# ASR Module

## Install Dependencies

In [1]:
pip install --upgrade --no-cache-dir openai-whisper


Note: you may need to restart the kernel to use updated packages.


In [6]:
pip install sounddevice wave transformers sentence-transformers librosa soundfile noisereduce

Collecting noisereduce
  Downloading noisereduce-3.0.3-py3-none-any.whl.metadata (14 kB)
Collecting matplotlib (from noisereduce)
  Downloading matplotlib-3.10.1-cp311-cp311-macosx_10_12_x86_64.whl.metadata (11 kB)
Collecting contourpy>=1.0.1 (from matplotlib->noisereduce)
  Downloading contourpy-1.3.1-cp311-cp311-macosx_10_9_x86_64.whl.metadata (5.4 kB)
Collecting cycler>=0.10 (from matplotlib->noisereduce)
  Downloading cycler-0.12.1-py3-none-any.whl.metadata (3.8 kB)
Collecting fonttools>=4.22.0 (from matplotlib->noisereduce)
  Downloading fonttools-4.56.0-cp311-cp311-macosx_10_9_x86_64.whl.metadata (101 kB)
Collecting kiwisolver>=1.3.1 (from matplotlib->noisereduce)
  Downloading kiwisolver-1.4.8-cp311-cp311-macosx_10_9_x86_64.whl.metadata (6.2 kB)
Collecting pyparsing>=2.3.1 (from matplotlib->noisereduce)
  Downloading pyparsing-3.2.1-py3-none-any.whl.metadata (5.0 kB)
Downloading noisereduce-3.0.3-py3-none-any.whl (22 kB)
Downloading matplotlib-3.10.1-cp311-cp311-macosx_10_12_x86

## ASR

In [7]:
import whisper
import faiss
import torch
import sounddevice as sd
import numpy as np
import wave
import librosa
import noisereduce as nr
from transformers import AutoTokenizer, AutoModel
from sentence_transformers import SentenceTransformer
import soundfile as sf


  from .autonotebook import tqdm as notebook_tqdm


In [8]:
# Load Whisper model (using 'small' for efficiency)
asr_model = whisper.load_model("small")

# Load embedding model for memory storage
embedding_model = SentenceTransformer("all-MiniLM-L6-v2")

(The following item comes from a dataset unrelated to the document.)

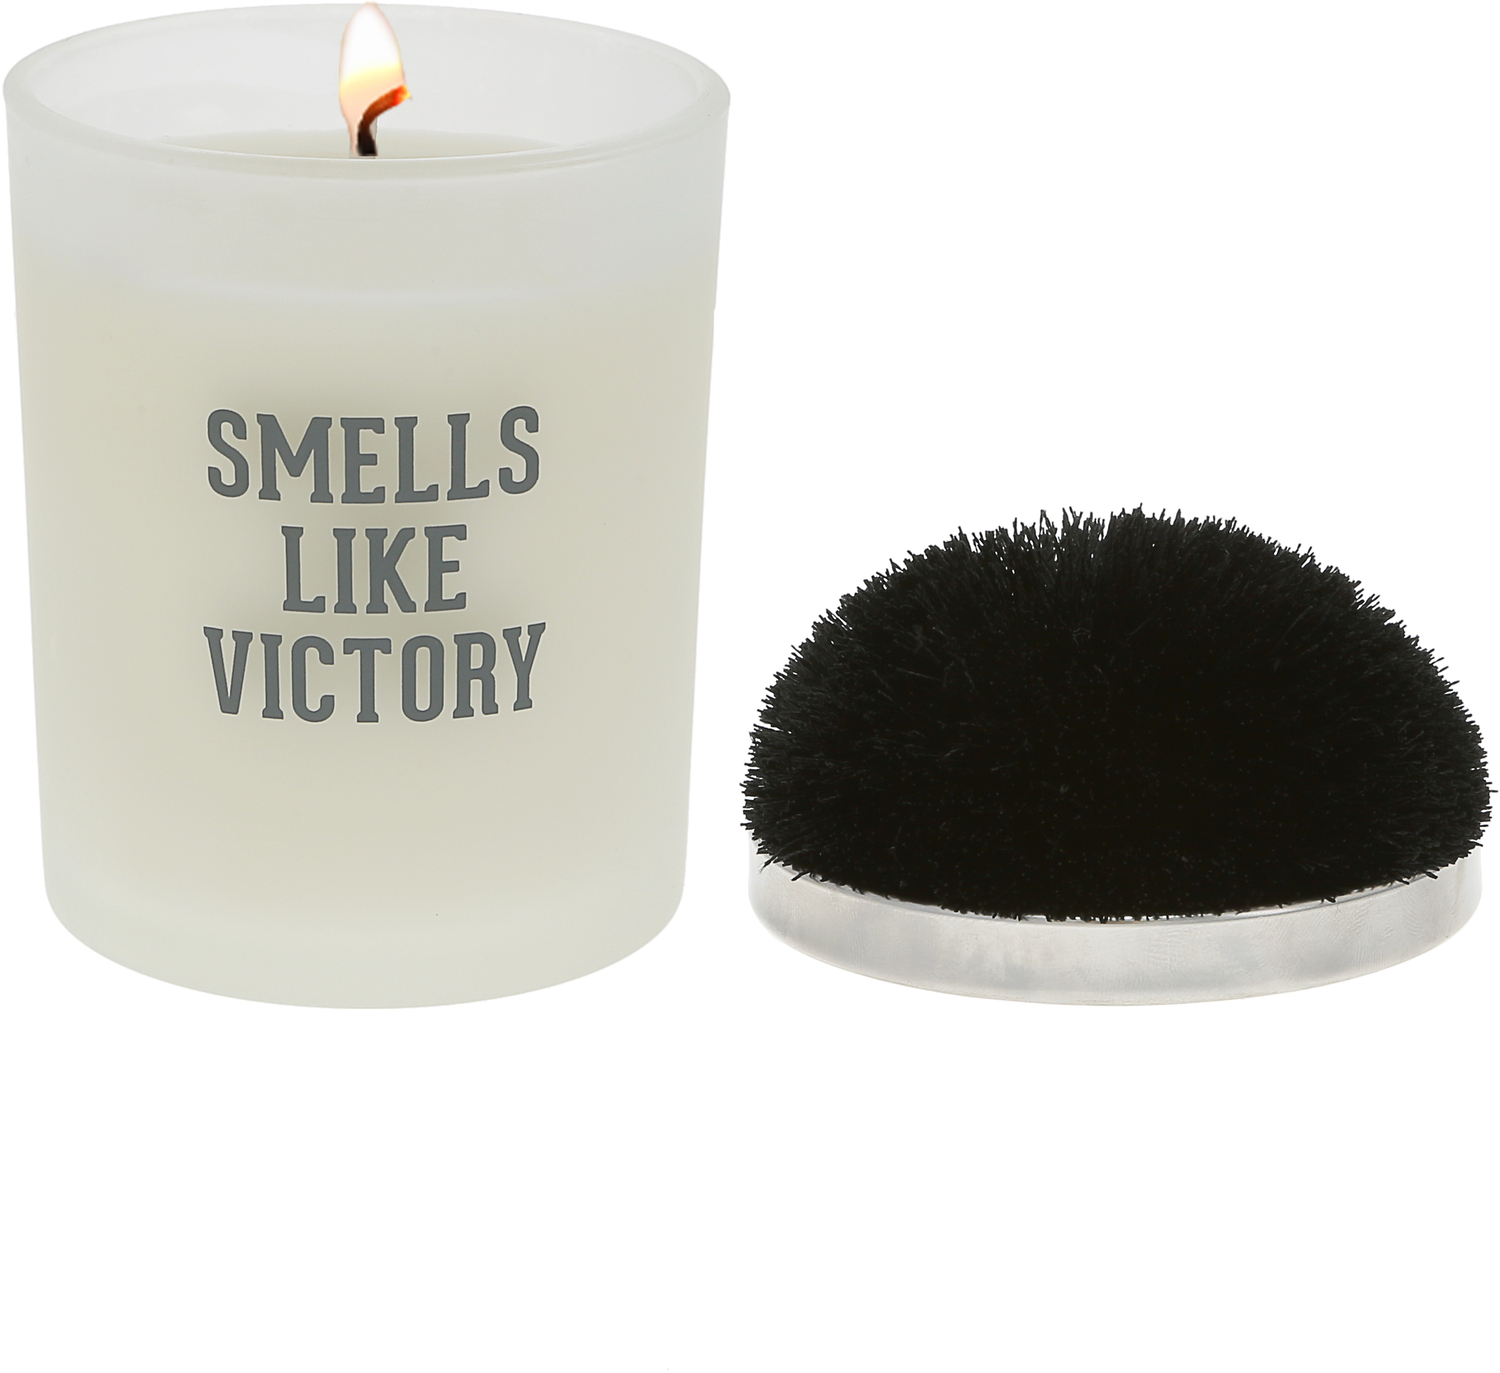 Victory - Black by Repre-Scent - Victory - Black - 5.5 oz - 100% Soy Wax Candle with Pom Pom Lid
Scent: Tranquility

# Initialize FAISS index for vector storage
embedding_dim = 384  # Must match MiniLM embedding size
index = faiss.IndexFlatL2(embedding_dim)


In [9]:
def record_audio(filename, duration=10, samplerate=16000):
    """
    Records audio from the microphone and saves it as a WAV file.
    Args:
        filename (str): Path to save the recorded audio.
        duration (int): Duration of recording in seconds.
        samplerate (int): Sampling rate for audio recording.
    """
    print("Recording...")
    audio_data = sd.rec(int(duration * samplerate), samplerate=samplerate, channels=1, dtype=np.int16)
    sd.wait()
    print("Recording finished.")
    
    with wave.open(filename, "wb") as wf:
        wf.setnchannels(1)
        wf.setsampwidth(2)
        wf.setframerate(samplerate)
        wf.writeframes(audio_data.tobytes())


In [10]:
def reduce_noise(input_audio, output_audio):
    """
    Applies noise reduction to an audio file and saves the cleaned version.
    Args:
        input_audio (str): Path to the input noisy audio file.
        output_audio (str): Path to save the cleaned audio file.
    """
    y, sr = librosa.load(input_audio, sr=None)
    reduced_noise = nr.reduce_noise(y=y, sr=sr)
    sf.write(output_audio, reduced_noise, sr)
    return output_audio


In [11]:
def transcribe_audio(audio_path):
    """
    Transcribes speech from an audio file using Whisper ASR.
    Args:
        audio_path (str): Path to the audio file.
    Returns:
        str: Transcribed text.
    """
    cleaned_audio = reduce_noise(audio_path, "cleaned_audio.wav")
    result = asr_model.transcribe(cleaned_audio)
    return result["text"]

def store_transcription_in_memory(text):
    """
    Converts transcribed text into an embedding and stores it in FAISS.
    Args:
        text (str): Transcribed speech text.
    """
    embedding = embedding_model.encode([text])
    embedding = np.array(embedding).astype('float32')
    index.add(embedding)  # Store in FAISS
    print("Stored in Memory Module:", text)


In [13]:
# Test
audio_file = "recorded_audio.wav"
record_audio(audio_file)
transcription = transcribe_audio(audio_file)
if transcription:
    store_transcription_in_memory(transcription)


Recording...
Recording finished.


huggingface/tokenizers: The current process just got forked, after parallelism has already been used. Disabling parallelism to avoid deadlocks...
	- Avoid using `tokenizers` before the fork if possible
	- Explicitly set the environment variable TOKENIZERS_PARALLELISM=(true | false)


Stored in Memory Module: What did you do last week?你上周做了什么?Good morning. 早上好.